We get the same high accuracy even with cross-validation. Since the number of countries in the world is limited, we can increase the complexity if the data by increasing the columns to capture other dimesions of countries like the unemployment rate, the youth population, the average income, the economic comlplexity, the hapiness indes, the UN human development index, trade data, geographical data, poverty data etc.

Feature Importance

# feature importance on the basic random forest model
feature_imp = pd.Series(clf.feature_importances_, 
index=X.columns).sort_values(ascending=False)
sns.barplot(x=feature_imp, y=feature_imp.index)
# Add labels to your graph
plt.xlabel('Feature Importance Score')
plt.ylabel('Features')
plt.title("Visualizing Important Features")
plt.legend()
plt.show()

• From the bar chart above, the most important predictor for a coup is a history of previous coups. Remember at the beginning of this post when I said that the foiled Kenya Air Force coup of August 1982 would be important? This is it. The fact that the coup was unsuccessful meant that the chance of illegal and probably violent regime change was greatly reduced.
• The GDP per capita is the next most important factor, and it makes sense; the poorer a country is, the more likely that they are dissatisfied enough with the current regime to attempt a violent takeover.* Next is the democracy levels, which look obvious but are of lower importance. You would think that it would be a much more important factor, but just look at communist China, 2.11 on the democracy index, but never had a coup, and they are definitely getting richer (GPD per capita of $18820.51 in 2023).
• The wealth gap, as measured by the Gini index, is also surprisingly not that big a factor.
• The presence of natural resources is the lowest predictor, which seems to go against the literature; it seems you can’t always trust the machines.

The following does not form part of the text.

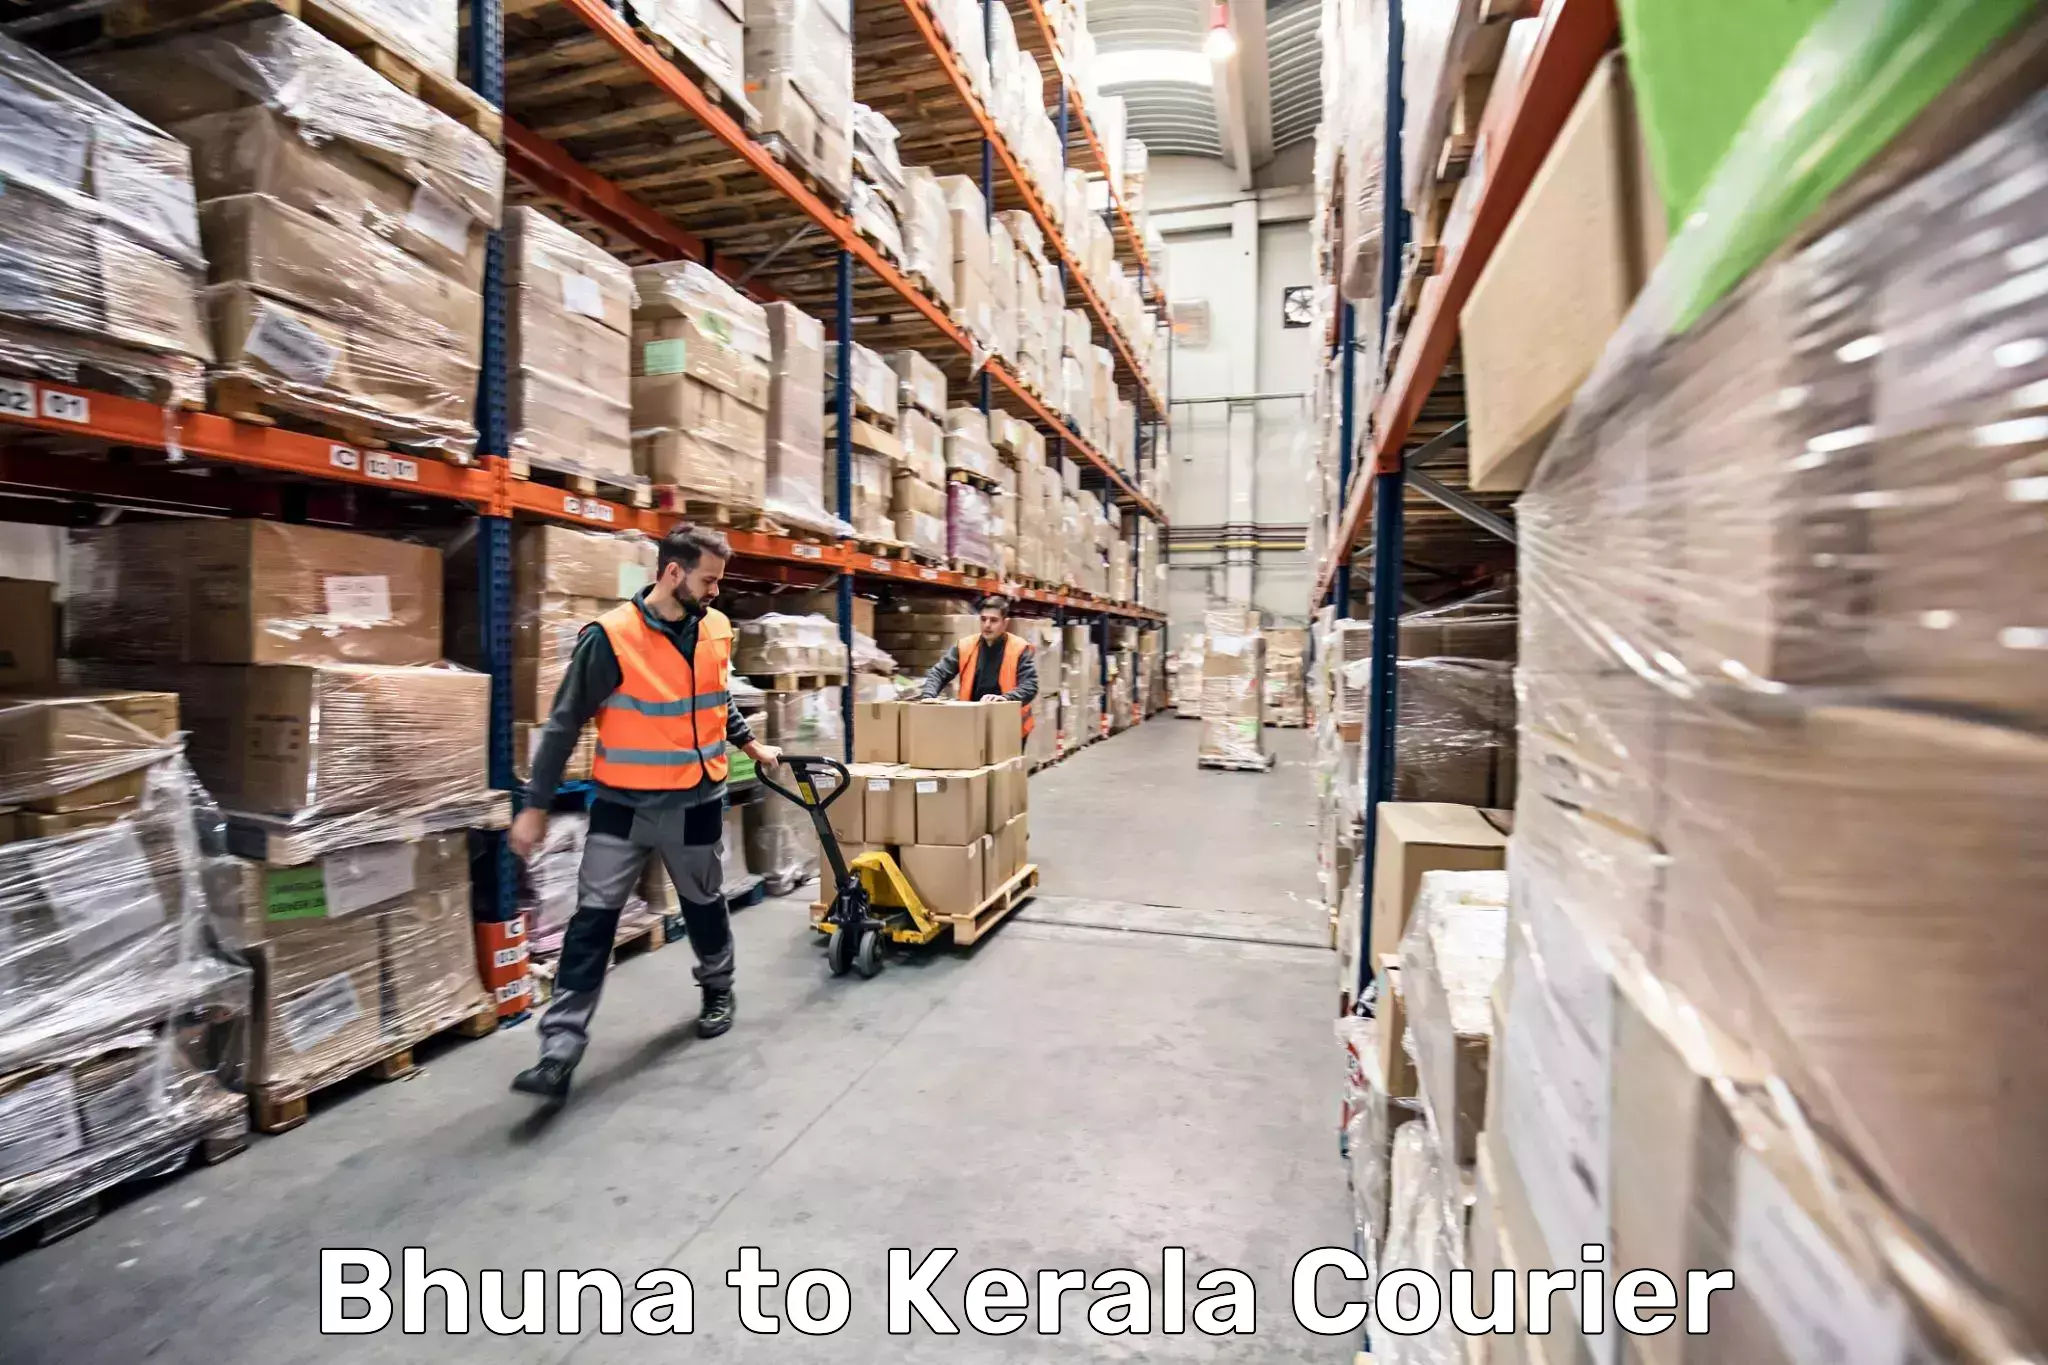 Baggage transport scheduler Bhuna to Kerala

Let us see what the cross-validated model has to say about feature importance.

• Here we see a similar order, the top three most important factors are a history of coups, the country’s economic conditions and the democracy level. The presence of natural resources also features last here.

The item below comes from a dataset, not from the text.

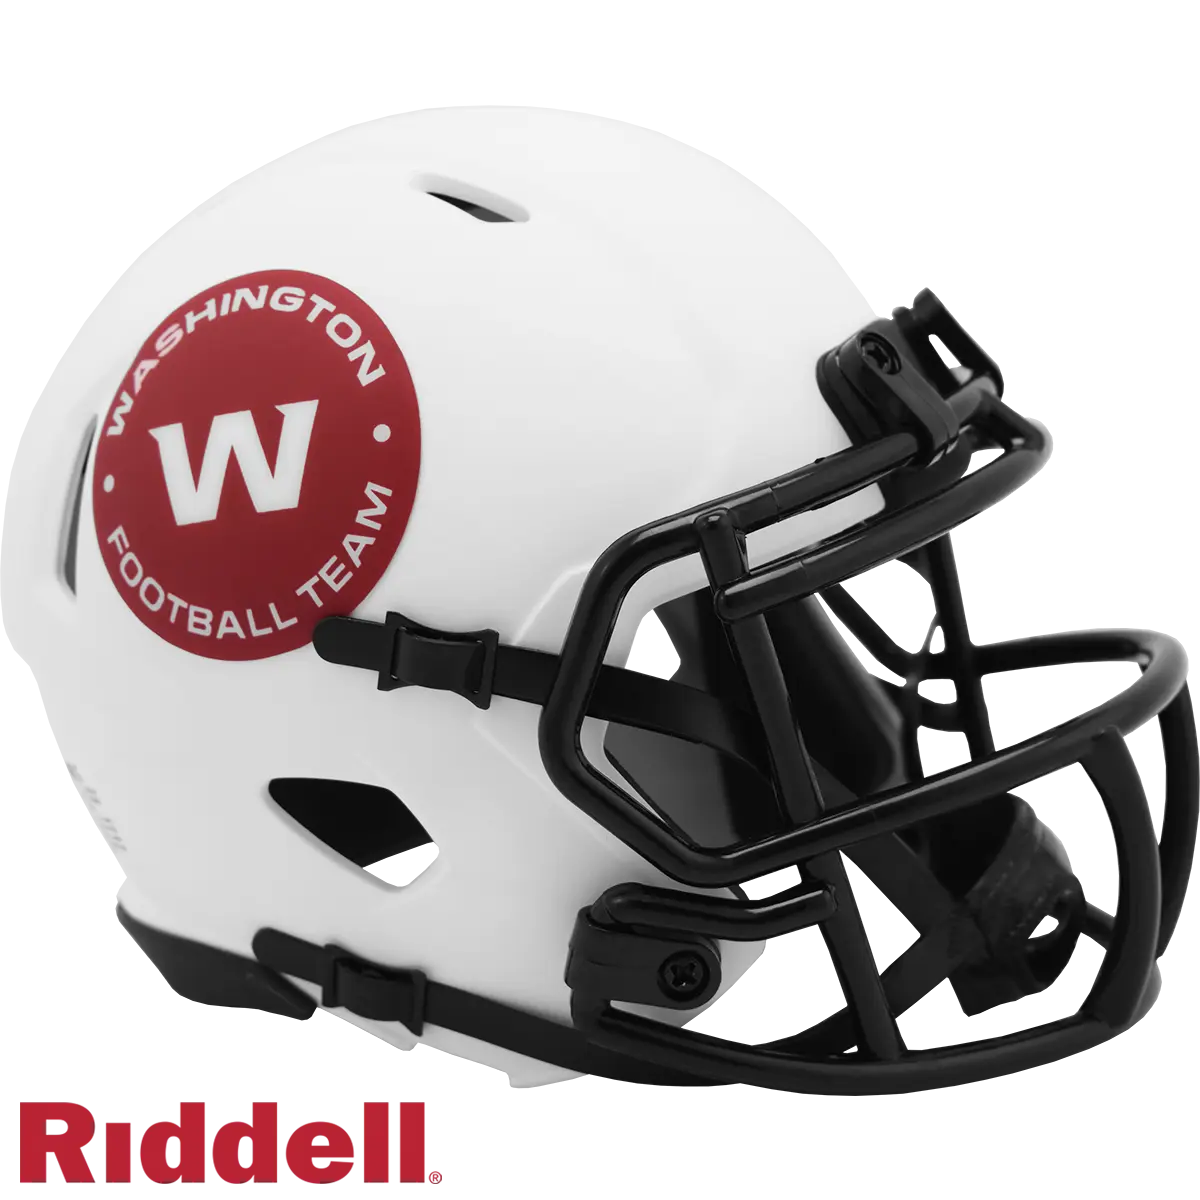 new washington football team helmet

To predict whether a country may experience a coup, we need to pass its democracy index, whether it is oil-producing (1) or not (0), population, Gini index, number of coups, and GDP per capita in that order, to this prediction function.

# example prediction
clf.predict([[0.1, 1, 4569875, 64.5, 1, 956.32]])

array([1])

This predicts a coup in this fictitious country. Not surprising considering its abysmal democracy index, history of a coup and the low GDP per capita.

I will try this data on a linear regressor and a neural net to see how it plays out.